▶ **Exercise**
Take from the entries below the stretch from the line with "A woman poses" through the line with "Part five of", and return it exactly, leaving the pictures out.

▶ **Exercise input**

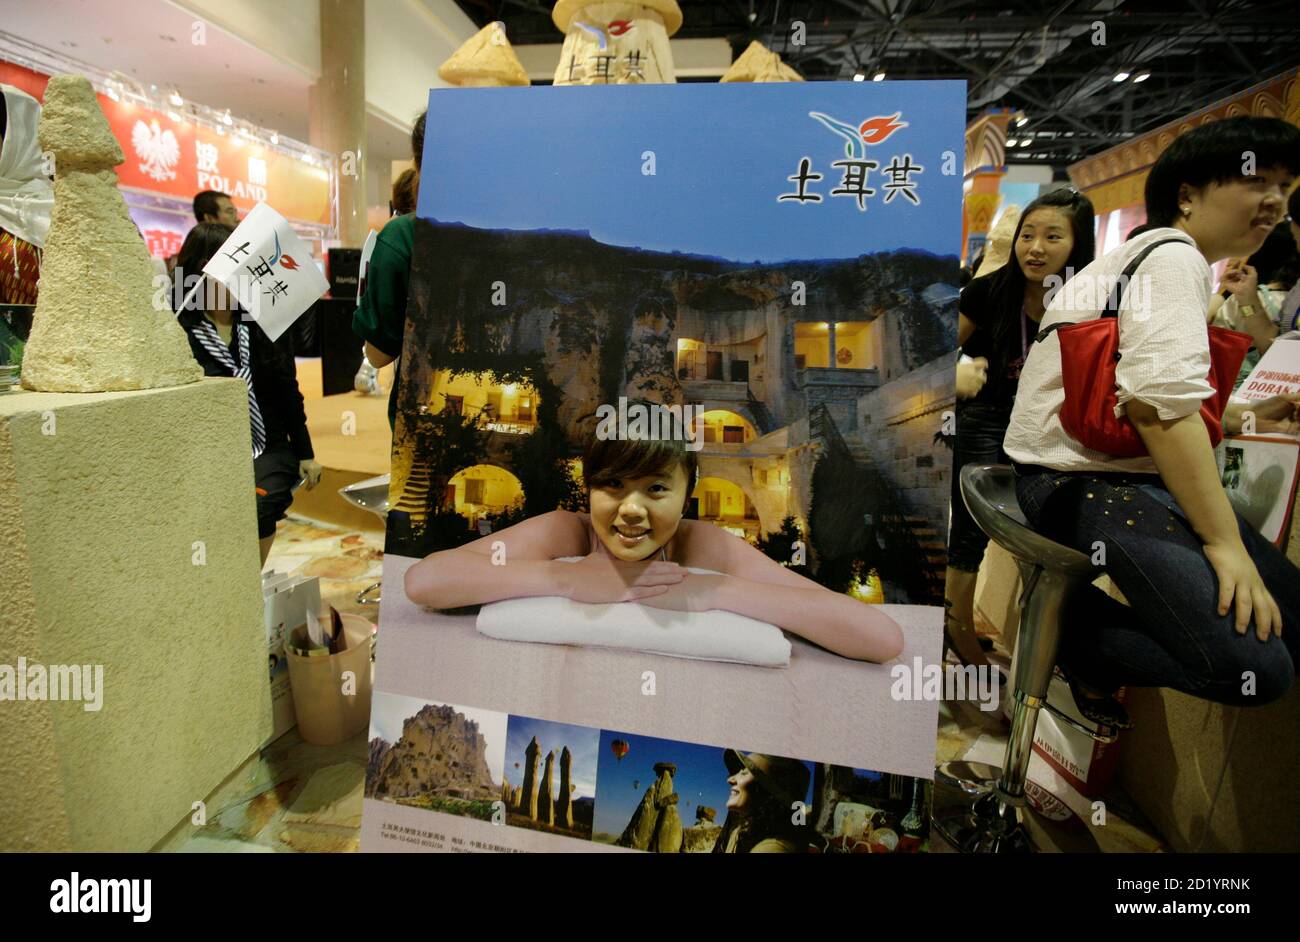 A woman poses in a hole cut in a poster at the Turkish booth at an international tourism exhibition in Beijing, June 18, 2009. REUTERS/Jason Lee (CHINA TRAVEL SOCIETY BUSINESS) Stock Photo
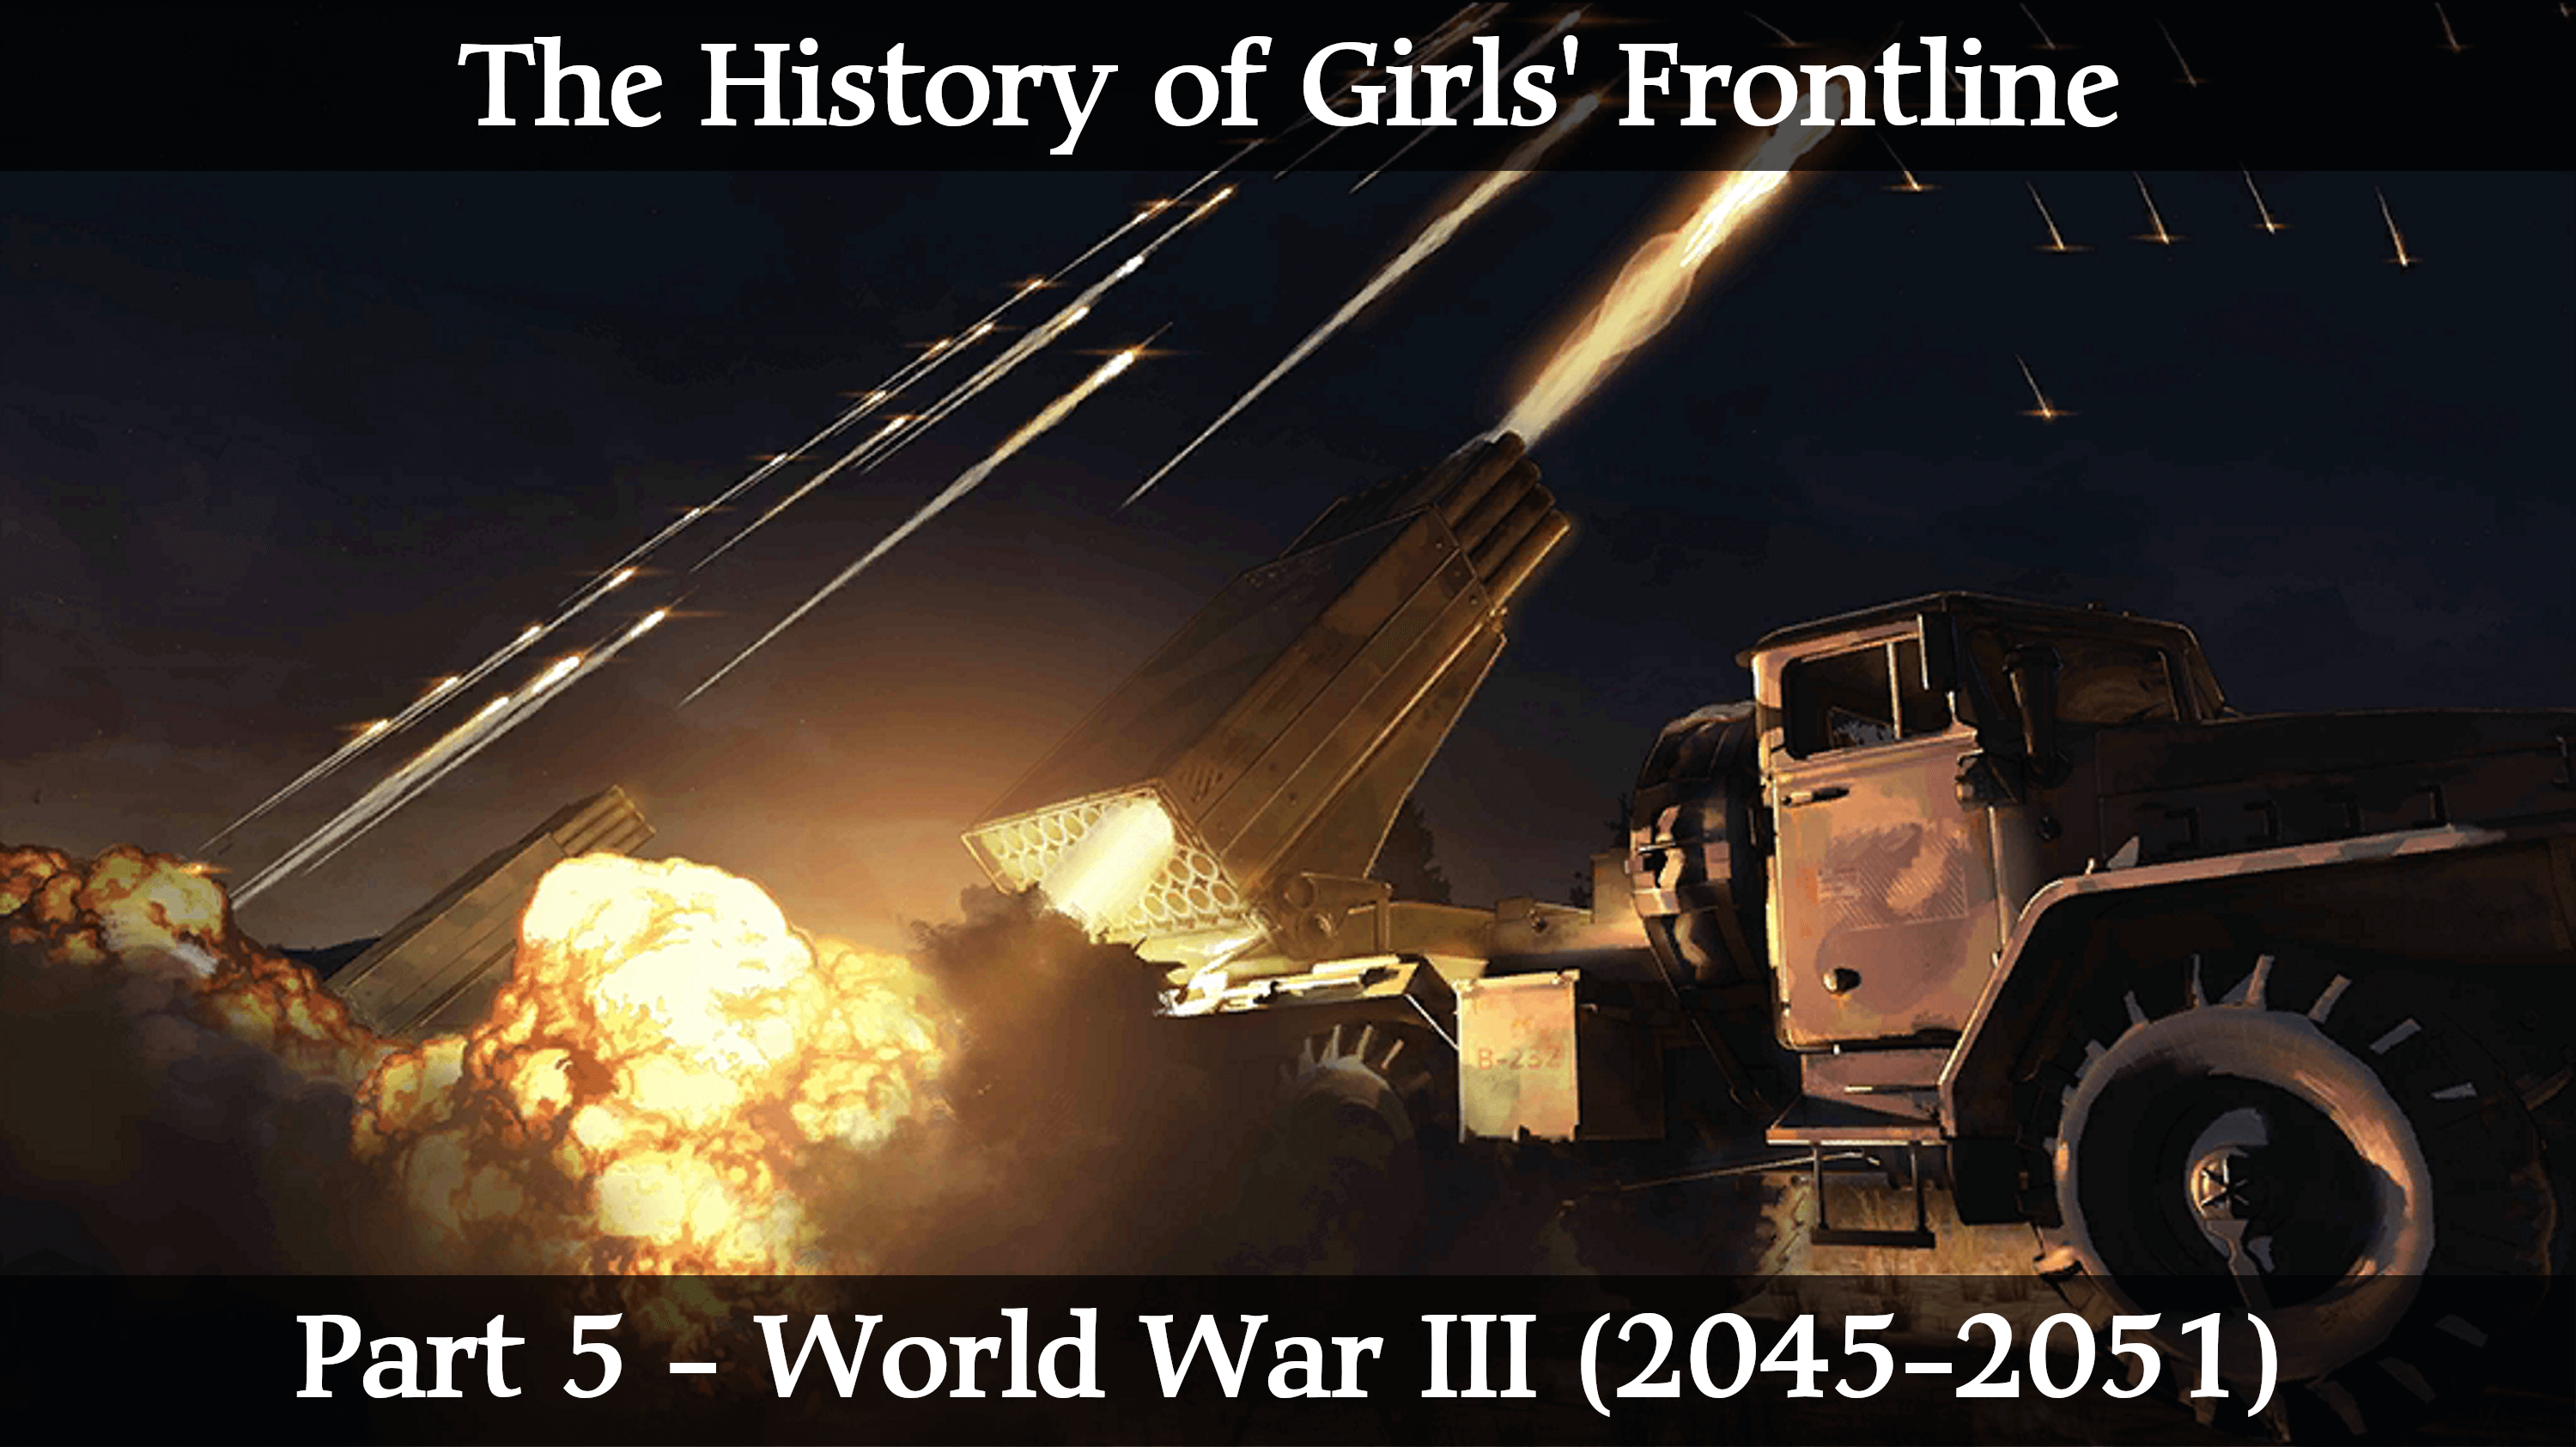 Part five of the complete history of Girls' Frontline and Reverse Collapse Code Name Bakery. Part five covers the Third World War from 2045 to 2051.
* * *
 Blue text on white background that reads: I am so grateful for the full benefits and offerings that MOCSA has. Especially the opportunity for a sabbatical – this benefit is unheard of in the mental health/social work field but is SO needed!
---
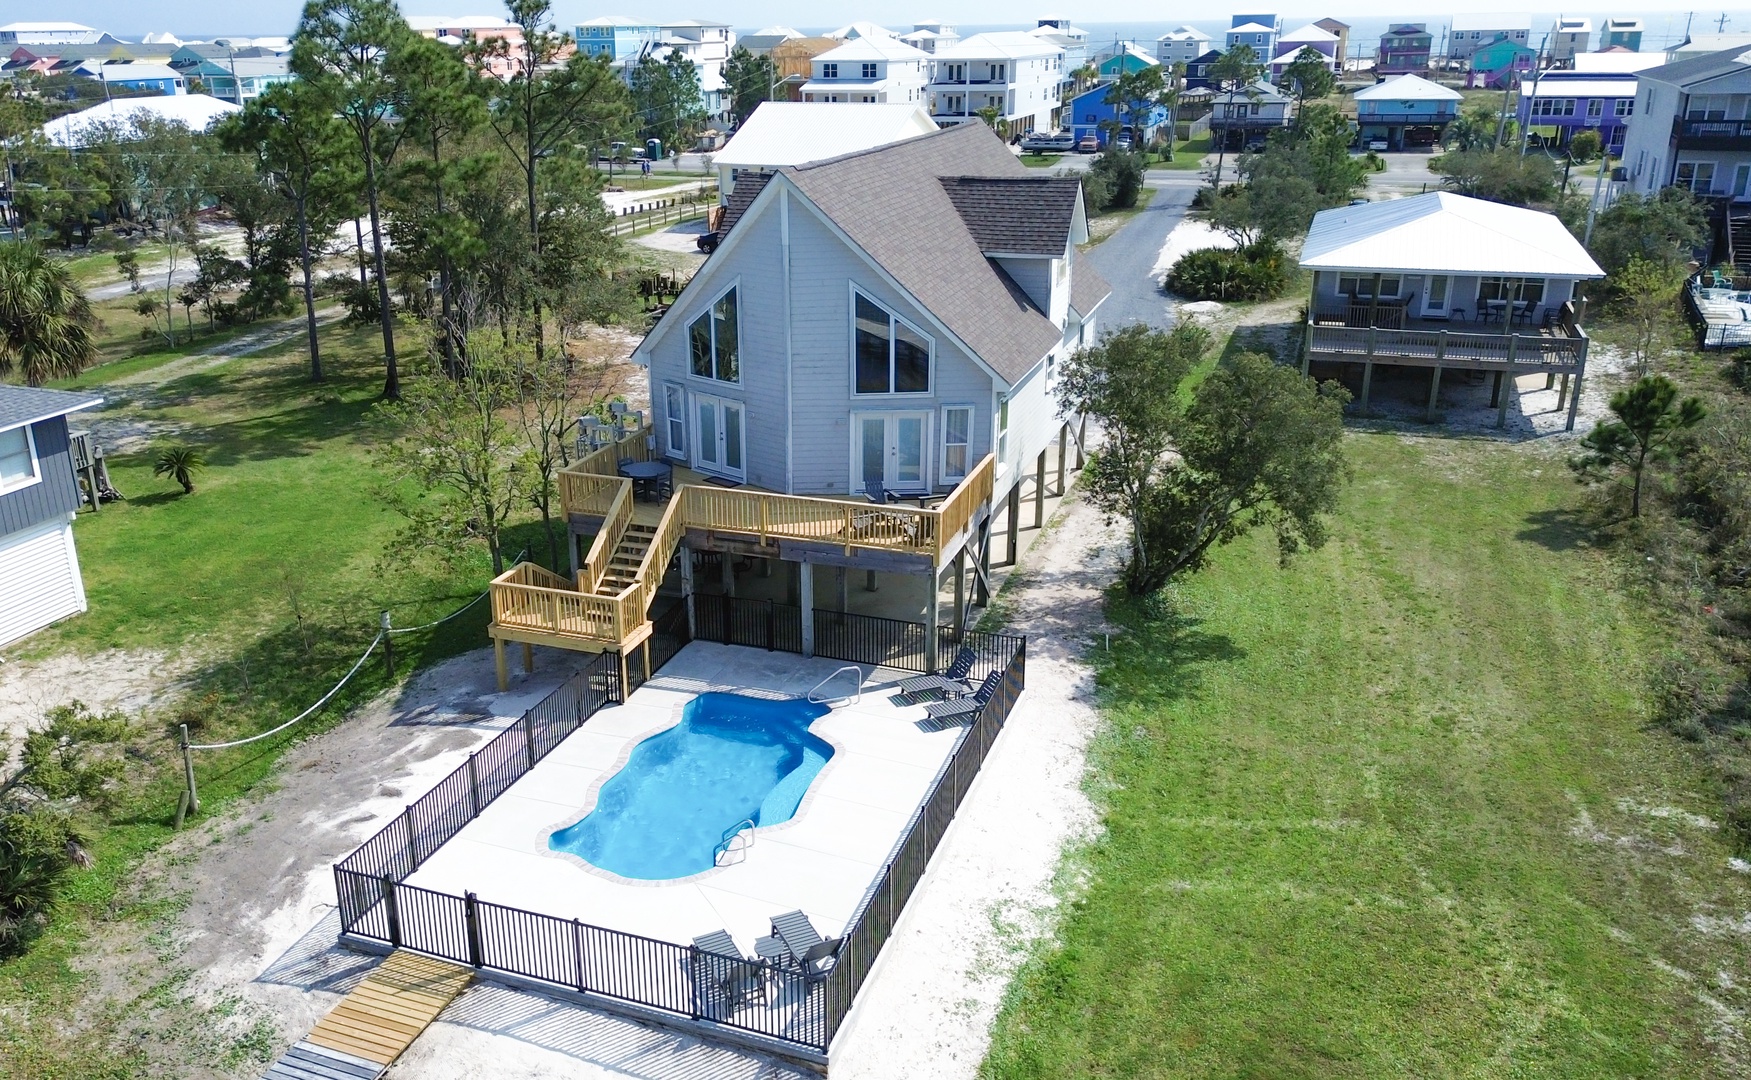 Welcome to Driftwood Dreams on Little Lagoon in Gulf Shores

▶ **Response area**
 A woman poses in a hole cut in a poster at the Turkish booth at an international tourism exhibition in Beijing, June 18, 2009. REUTERS/Jason Lee (CHINA TRAVEL SOCIETY BUSINESS) Stock Photo
 Part five of the complete history of Girls' Frontline and Reverse Collapse Code Name Bakery. Part five covers the Third World War from 2045 to 2051.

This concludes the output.